It’s the question on everyone’s mind in Washington. Two years after the American Recovery and Reinvestment Act, steeped in economic malaise, and 14 months before a presidential election, are the jobs here yet?
Since the downturn hit its lowest point in 2009, the White House has spent each month touting slow progress in private-sector job growth. In July alone, 157,000 jobs were added to American companies. A month before that, 18,000 new employees went to work. It’s a slow drumbeat that’s certainly welcome as the nation’s fiscal pile of rubble reassembles, but that many economists consider too slow to keep up with population growth, as well as people entering the labor force.

Perhaps most interesting about the growth in private employment is where the jobs are being created—and where they aren’t—especially as Washington prepares to debate how to add more of them to the economy.
Examining data from the Bureau of Labor Statistics, the industries with the biggest increases are easy to identify. Manufacturing of durable goods like metals and car parts added 197,000 jobs since last summer. Commercial retailers added 157,000 new positions. And other sectors, including professional services like law and accounting (512,000 jobs), health-care providing (299,000 jobs), and hospitality (212,000 jobs) have all seen relatively healthy growth.
That’s good news for Washington. But it poses rhetorical problems for the White House, which staked considerable capital on the 2009 Recovery Act, the $987 billion stimulus package aimed at strategically jump-starting the nation’s hiring, and, in effect, demand for goods. The places where it devoted the most money—education, clean energy, and infrastructure—have remained sluggish.
Observing such a quandary, some economists forecast that the unemployment rate could stay above 8 percent until as long as 2014. Friday will bring new employment numbers from August, which economists say won’t look much better than ongoing trends of anemic growth.
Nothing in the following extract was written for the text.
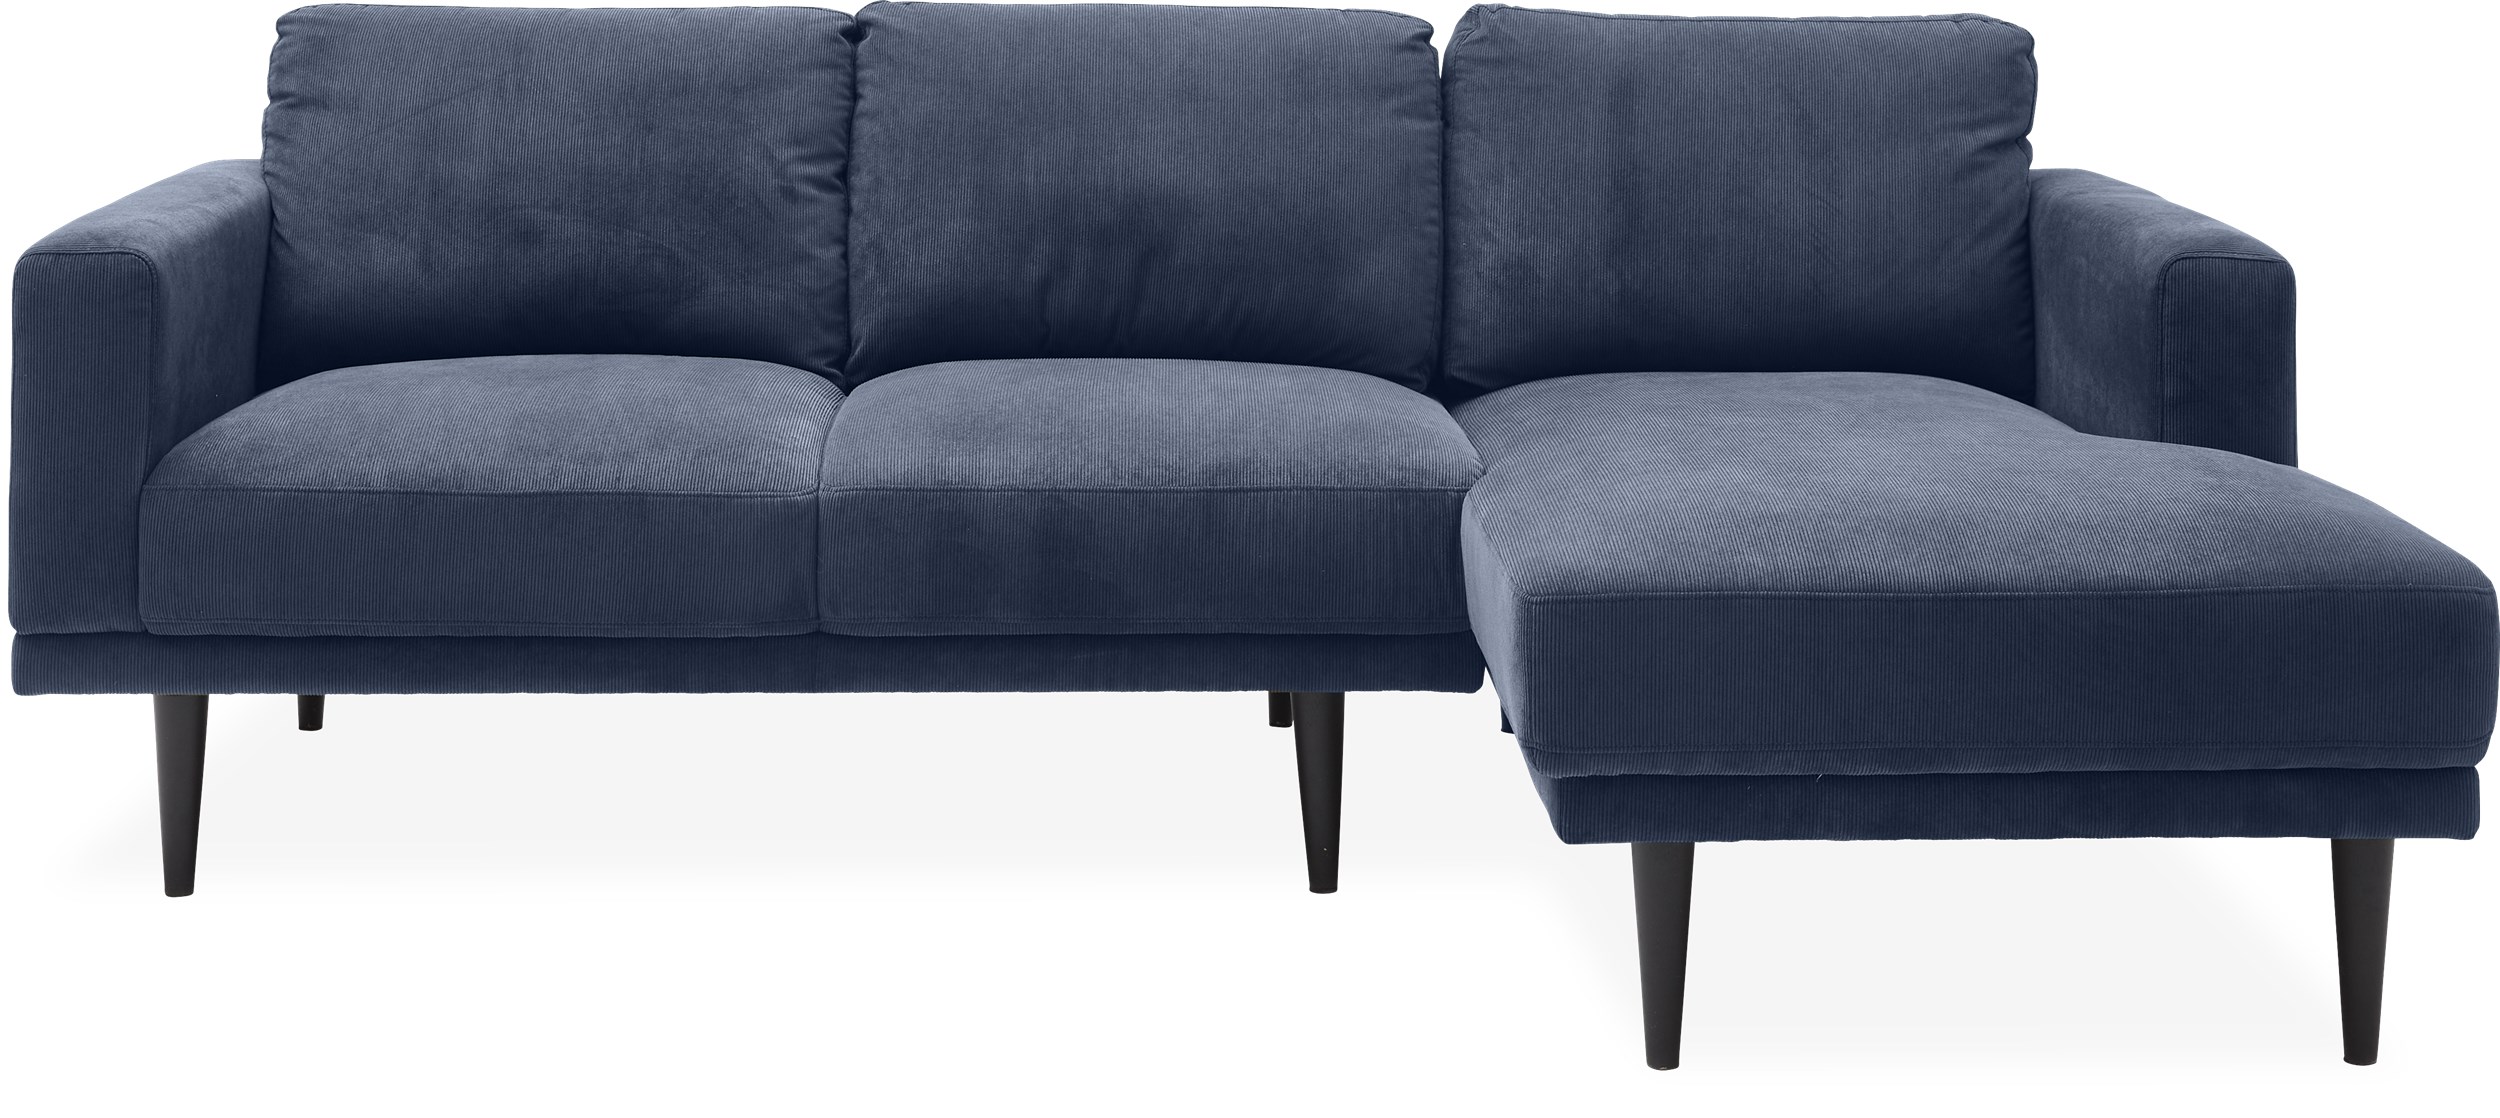 Mexico Sofa med chaiselong - Wave 220 Royal blue stof og ben i sortlakeret gummitræ

But at the White House on Wednesday, Obama sought to get out ahead of another round of bad news. Speaking in the Rose Garden, he noted to reporters that transportation infrastructure has been particularly hard hit in the recession. Indeed, despite $48.1 billion from the Recovery Act for transportation infrastructure projects, the industry has ticked up only modestly. Over the summer, the height of the construction season, the air transportation sector alone added jobs (about 2,000). The rest of the industry—including moving things like trains, water, and energy—almost all lost employees.
With such data, House Republicans, led by Speaker John Boehner, have been eager to pronounce the stimulus a failure. But some fiscal analysts see the opposite: the reason for the sluggish growth was because the initial project wasn’t big enough.
“The first [stimulus] was half tax cuts which predictably didn’t have much effect,” says Robert Reich, a Berkeley economist and former Clinton-administration Secretary of Labor. “The next one will have to be targeted toward job creation more directly. The biggest and most obvious sector is infrastructure. We now have deferred maintenance in so many areas—road bridges, airports, ports—and substantial borrowing authority.”
That message has been heard at the White House. In an effort to bypass Congress, Obama earlier this week ordered all federal agencies to identify infrastructure projects and “take immediate steps to push these projects across the finish line.”
Administration officials also note that several new programs, including a housing bill to prevent foreclosures, could be in the cards. Revising agreements with America’s biggest trading partners, especially Canada, could help drive up American demand quickly. During Obama’s prime-time speech to Congress next week, he’s expected to lay out his full plan to rein in high jobless numbers in certain sectors.
Yet some economists note that it may not be productive to scrutinize individual industries, and that a macro approach on a large scale could better address the entire system. “It’s a little like looking into the weeds to look at sectors,” Larry Mishel, the president of Washington’s Economic Policy Institute, said Wednesday. “What’s really going on is an aggregate phenomenon. If we were able to get aggregate jobs back by 10 percent, we’d get jobs back everywhere.”